Il prétend trouver dans la physique quantique une confirmation de ses dires. Sa “co-émergence” m’a en tout cas fait penser à la “co-naissance” Claudélienne. Le mot semble pareillement construit, c’est intéressant. Mais je voyais plutôt dans cette intéraction de l’univers une analogie - fut-elle lointaine - de la Trinité créatrice.
Merci d’avance
Effectivement, Matthieu Ricard a une certaine tendance à confondre les plans. Nombre de ses argumentations partent de prémisses faussés. Pas de doute pour lui : s’il y a création il y a changement. Et très souvent lorsqu’il parle de causalité, il se réfère à Kant. Dans le livre dont je vous parle, il se réfère à Thomas d’Aquin, mais s’il l’avait vraiment lu il aurait dû être plus prudent dans ses affirmations.
Mais croyez-vous que l’interdépendance des phénomènes permette de justifier (d’un point de vue simplement intellectuel)la suffisance ontologique de notre univers ?
Non bien sûr : l’interdépendance explique seulement les transformations intra-mondaine. Cette explication en termes de causes efficientes antérieures et de même nature que les effets produits – qui caractérise la science – n’effleure même pas la question de la causalité ontologique.
Il est vrai que sur l’horizon émanationniste choisit par M. Ricard, la question ontologique ne se pose pas puisque les phénomènes physiques sont considérés comme subsistants. Mais l’option panthéiste n’appartient pas à la physique : il s’agit d’un a priori philosophique sur l’horizon duquel M. Ricard réinterprète les résultats de la physique, afin de s’en servir dans une argumentation qui n’appartient plus au domaine scientifique. Ce genre de transgression épistémologique est hélas courant sous sa plume.
Un grand merci Père pour toutes ces explications que j’attendais depuis longtemps, je ne suis pas une experte en phénomènologie mais il est vrai qu’à force d’avoir entendu le Soutra du Coeur et ses interminables explications pendant des années, j’avais un certain mal à me défaire de cette programmation martelée à coups de mantras ... Si le bouddhisme en terme philosophique présente une approche indéniablement intéressante surtout au niveau de l’analyse des "klesha", il n’en reste pas moins que tous ceux qui ont reçu de nombreuses initiations du grand véhicule seront peut-être confrontés à une remise en question un jour, ce que j’ose espérer. J’ajoute que j’ai été initiée tout comme M. Ricard a pu l’être mais que je ne suis ni scientifique ni philosophe. Pour autant, j’ai parfaitement intégré tout cela à une certaine époque que ce soit dans mon corps, dans mon esprit et dans mon coeur ...

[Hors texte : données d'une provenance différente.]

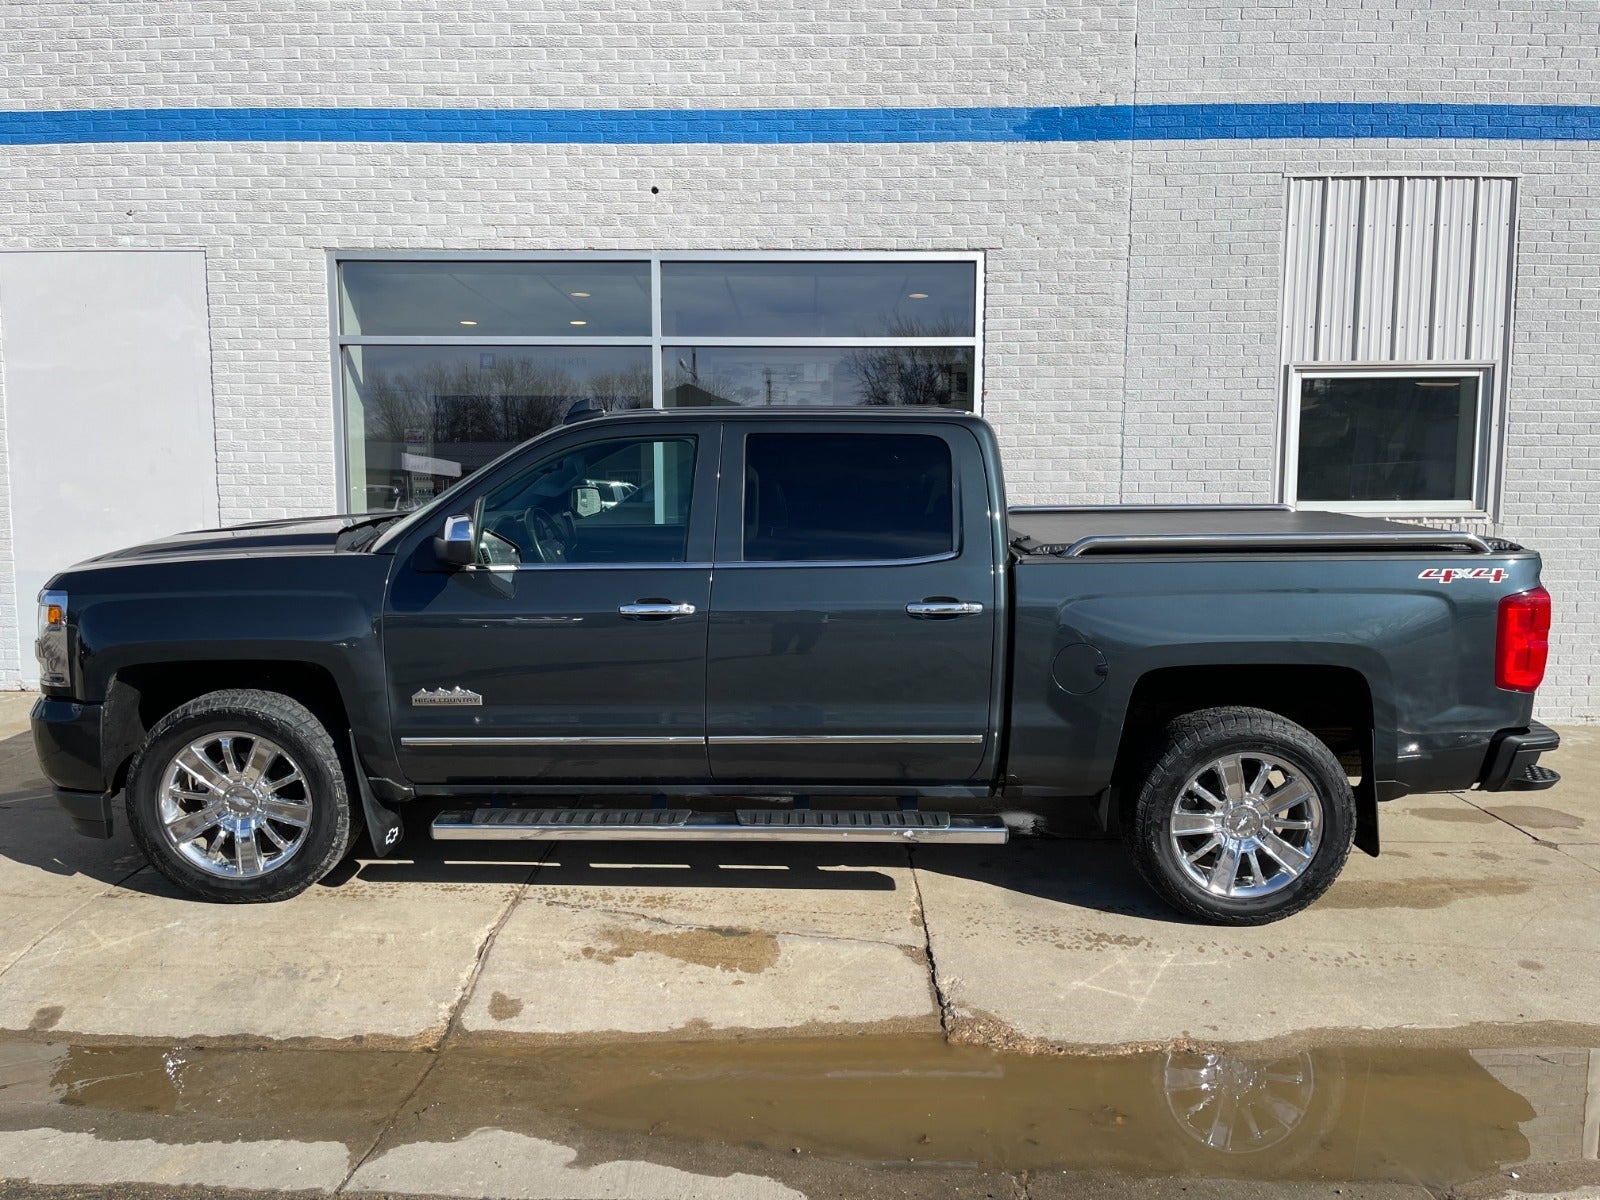 Used 2017 Chevrolet Silverado 1500 High Country with VIN 3GCUKTEC5HG163251 for sale in Edgerton, Minnesota

Enfin délivrée de ce conditionnement, je me sens libre, je ne le dirai jamais assez, même si bien évidemment les passions de l’âme sont toujours là. Je n’ai plus besoin de faire la course à l’accumulation de mérites, je n’ai qu’à être à l’écoute du Tout Autre, mon regard est différent, je redeviens une personne à part entière et non pas quelqu’un qui avait pour fils dans une vie antérieure un magnifique et ascétique swami à la chevelure époustouflante ayant fait voeu de silence depuis plus de quarante ans, Satchitananda de Madras, fameux yogi que j’ai bien connu et qui m’a écrit lui-même cela puisqu’il ne parlait pas lors d’une séance de "pranayama". Je l’ai cru mais je ne le crois plus depuis quelque temps maintenant, je ne ressens plus le besoin de pratiquer le yoga même si le retour vers le Père n’est pas toujours facile, compte tenu des nombreuses années de conditionnement, au risque de me répéter. Nota bene : je me permets de "mixer" les pratiques du bouddhisme tibétain et de l’hindouisme en raison de la réincarnation et du karma, thème central dans les deux cas. Du reste, il est de bon ton pour les pratiquants occidentaux ayant pris toutes sortes de voeux, que ce soit dans le boudhisme zen ou dans le boudhisme tibétain d’aller recevoir le "darshan" d’Amma, tout cela est en parfaite harmonie. En conclusion, une réflexion que m’a rapportée ma soeur d’un lama tibétain vivant en Belgique : "the show must go on !", et c’est vrai, cela d’ailleurs se comprend aisément compte tenu de leur philosophie mais on pourrait l’interpréter dans un autre sens ... Comprenne qui pourra !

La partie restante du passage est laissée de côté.